26 to demonstrate at the present time His righteousness, that He might be just and the justifier of the one who has faith in Jesus.
How can God be both just and the justifier at the same time?
and the justifier [present tense]
Not only did God want to be deemed to be just, but He wanted people to see Him as the means of justification; that is, the One who declares that the one who places faith in Jesus as right as He is right.
God had a dilemma; the dilemma was how He was to justify people yet maintain His own consistent absolute righteousness with Himself. If He were to forgive without justice or judgment, then He would violate His own character and standards of being. His answer to this dilemma was the death of Jesus as judgment for the sin of the world. Christ’s sacrifice vindicated His standards of righteousness.
PRINCIPLE:
God justifies Himself by the sacrifice of Jesus for all sins of all time and remains consistent with Himself in doing so.
APPLICATION:
God would sully Himself if He allowed men into His fellowship while doing nothing about the sin problem. God must be both simultaneously loving and just. He removed any scandal from His name by what Christ did on the cross.

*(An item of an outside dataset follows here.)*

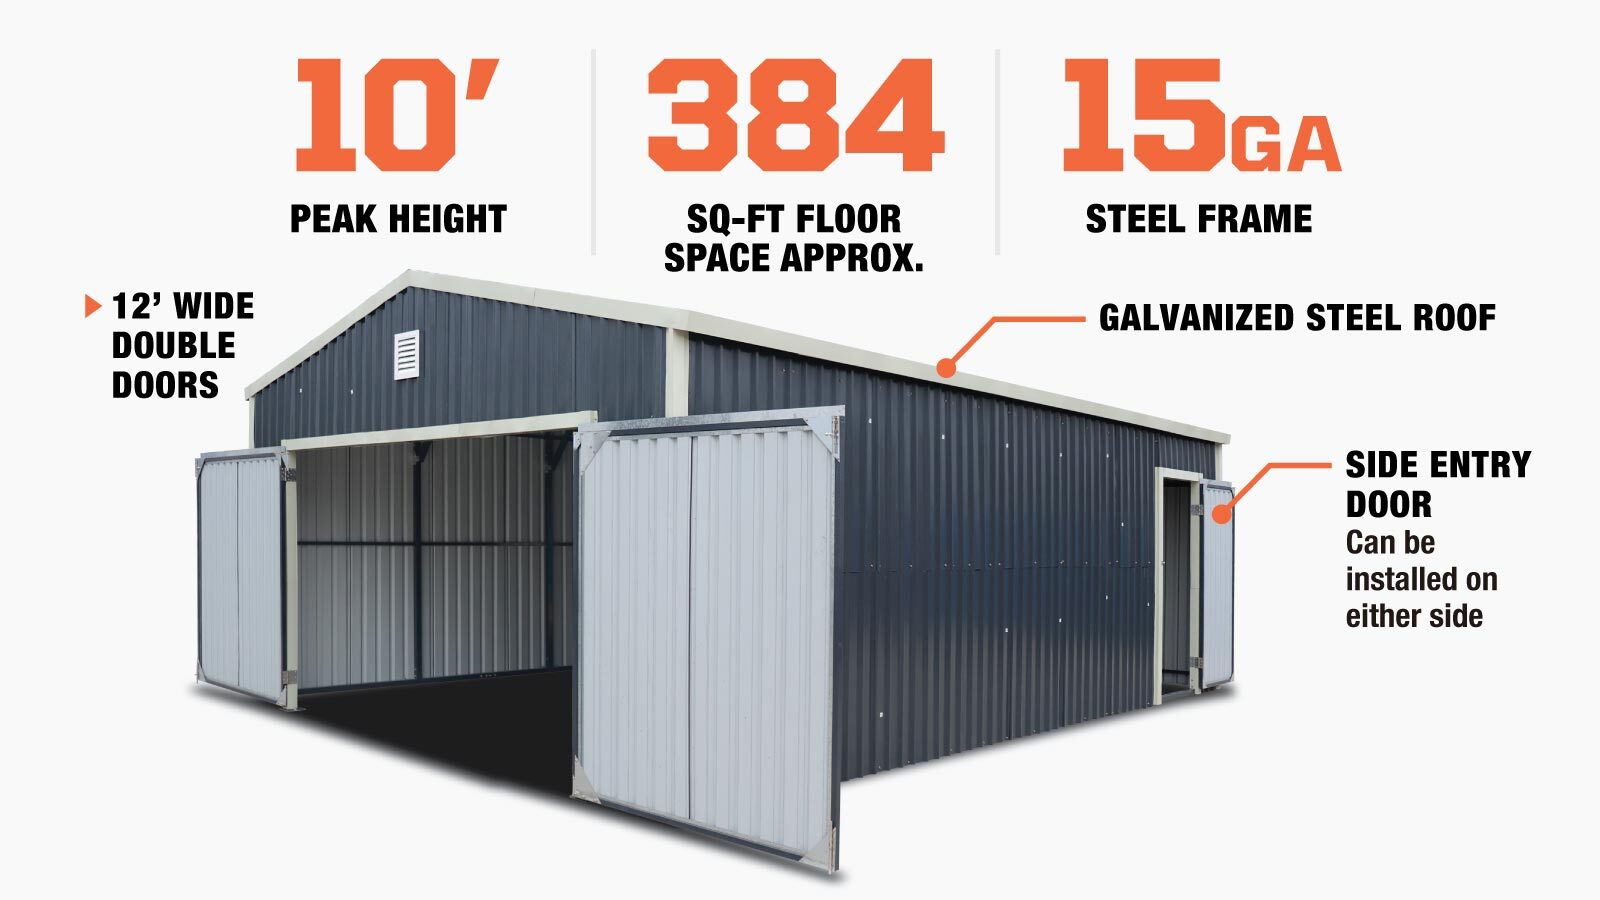 TMG Industrial 16’ x 24’ Metal Garage Shed with Double Front Doors, 10’ Peak Height, Side Entry Door, 384 Sq-Ft Floor Space, TMG-MS1624-description-image
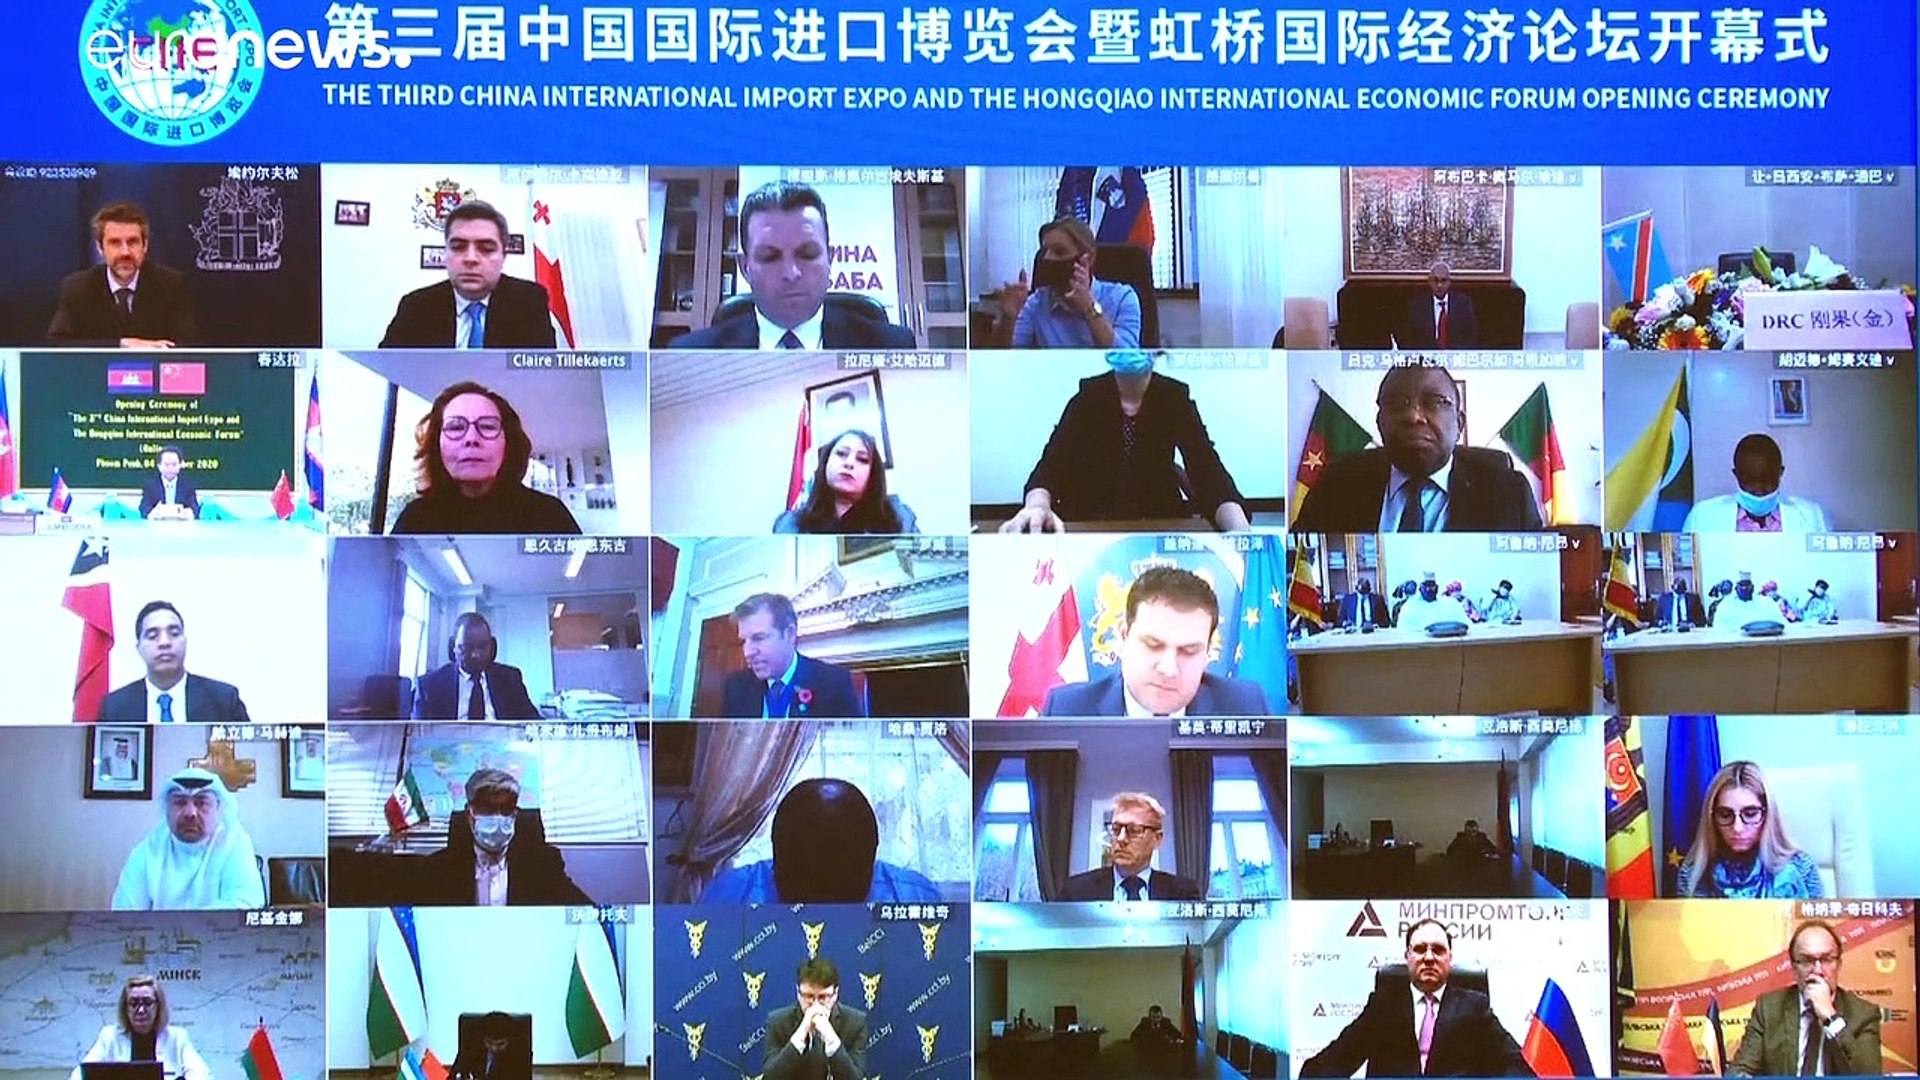 Új világrend kialakulásáról beszélt Orbán Viktor a kínai importexpón

The problem with the sin issue is not primarily the sin of man but the perfect righteousness of God. The difficulty is not getting sinful men to an absolutely righteous God, but that God has to resolve the sin issue with Himself. The only way God could resolve this issue was to send His Son to pay for our sins on the cross. In this, God is satisfied (propitiated). The righteous demands of His character are satisfied by the death of Christ for our sins. The cross demonstrates that God is just with Himself in saving man. There is no way that God could abrogate His own righteousness and be true to Himself.
God resolves the conundrum of keeping to His absolute standard of righteousness by offering mercy to the sinner through sacrificing Jesus to pay for the sins of the sinner.